A
Guide to the Filipino Language Corpus
There are two primary objectives in the design of the UP Filipino Language Corpus (UP-FLC). First, this serves as a guide to the collection of data in the form of texts which will constitute the proposed corpus of the Filipino language. At present, there is no existing system in the collection and compiling of texts of the National Language for the purpose of language research. Researchers usually use their own methods and preferences in collecting data according to his/her needs. The collected data is often unusable for other research due to the inflexibility of the criteria or the very nature of its purpose in the original research renders the data inapplicable for other objectives.
Second, the UP-FLC will serve as a model to represent a Filipino vocabulary resource which will complement the building of a dictionary for the national language. One of the latest methods in lexicography is the use of large corpora for the purposes of making general-descriptive dictionaries, monolingual and bilingual alike. Unlike traditional methods, the process of describing the meanings and providing examples in dictionary entry articles becomes easier and is based on actual usage with the use of data corpora. Therefore, the making of a dictionary for the National Language becomes realistic and practical by the very reason that Filipino serves as the national lingua franca and thus, its usage and development is based on its continued and repeated use in communication among Filipinos.
Categories in the corpus:
The codes on the right are used to indicate the type of text collected with their respective description on the left. This design was largely based on the International Corpus of English (ICE) which was started by Sidney Greenbaum (Nelson 1996). This was modified to be made applicable for the collection of data in Filipino:
Description | Code |
---|---|
Written Texts (40%) | W |
Unpublished | W1 |
Academic writings Professional writings Student essays Examination Scripts (Essays) Blogs |
W1A |
Correspondence Letters, Memo |
W1B |
Published | W2 |
Academic works Humanities Social Sciences Science Technology |
W2A |
Non-academic Writing Featured articles |
W2B |
News Reporting News (e.g. showbiz, sports) |
W2C |
Instructional Writing Manual Instructions Regulations Pamphlets Tech/Voc |
W2D |
Persuasive Writing Press Editorials |
W2E |
Creative Writing Novels & Stories Creative Essays |
W2F |
Spoken Texts (60%) | S |
Dialogue | S1 |
Private Direct conversations Video Call, Skype |
S1A |
Public Class Discussions Broadcast discussions Broadcast interviews Political speeches Conversations in public arenas |
S1B |
Monologue | S2 |
Unscripted Spontaneous Commentaries Unscripted speeches Speeches in public demonstrations |
S2A |
Scripted Broadcast News Broadcast Talks Non-broadcast Talks |
S2B |
General explanation of the categories
The UP-FLC is divided into two major categories: the written and spoken texts. The “W” indicates text from written sources while “S” is used for the spoken texts. Further divisions within the categories are marked by Hindu-Arabic numerals 1, 2, 3, etc. followed by the use of capitalized letters A, B, C, etc. as needed.

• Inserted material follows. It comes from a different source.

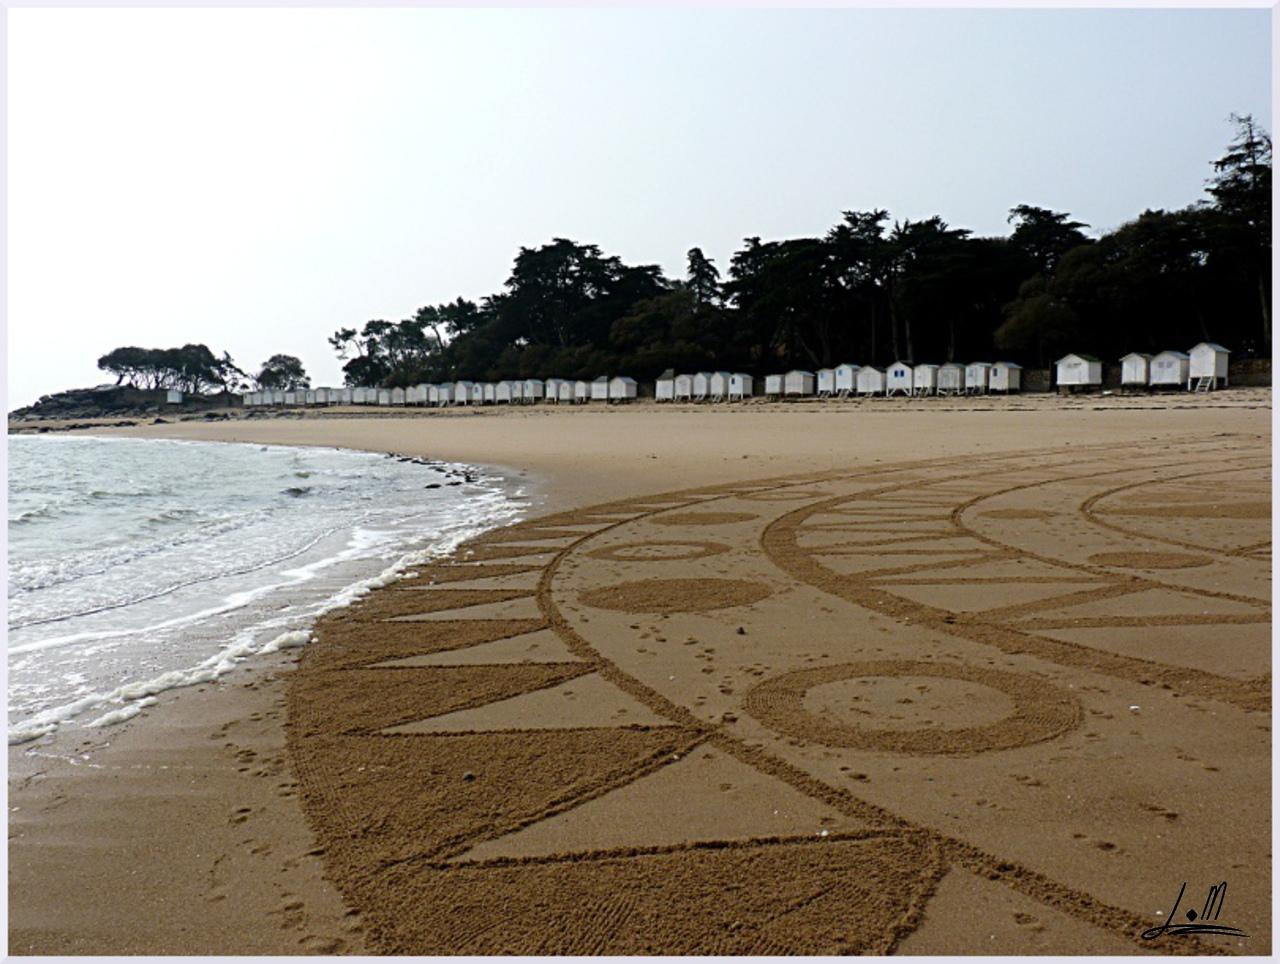 Fresque Beach art Plage des dames, Michel Jobard

The definition of “text” here is based on Atkins, Clear and Ostler (1991) which is used for corpus-building purposes. Aside from the usual understanding of the word “text” to mean a written work, transcriptions of spoken language usage is also included here. Unlike other earlier language corpora which is based solely on written texts, the UP-FLC puts importance on spoken language use (see Nelson 2006 for a good discussion of this side) and therefore, has put a larger percentage in eliciting spoken texts. For the first stage of the UP-FLC, 60% of the collected texts were from spoken sources while 40% were from written works. It is however expected that additions and modifications to the percentages of collections will be continuously made in keeping with the changes and development of the language.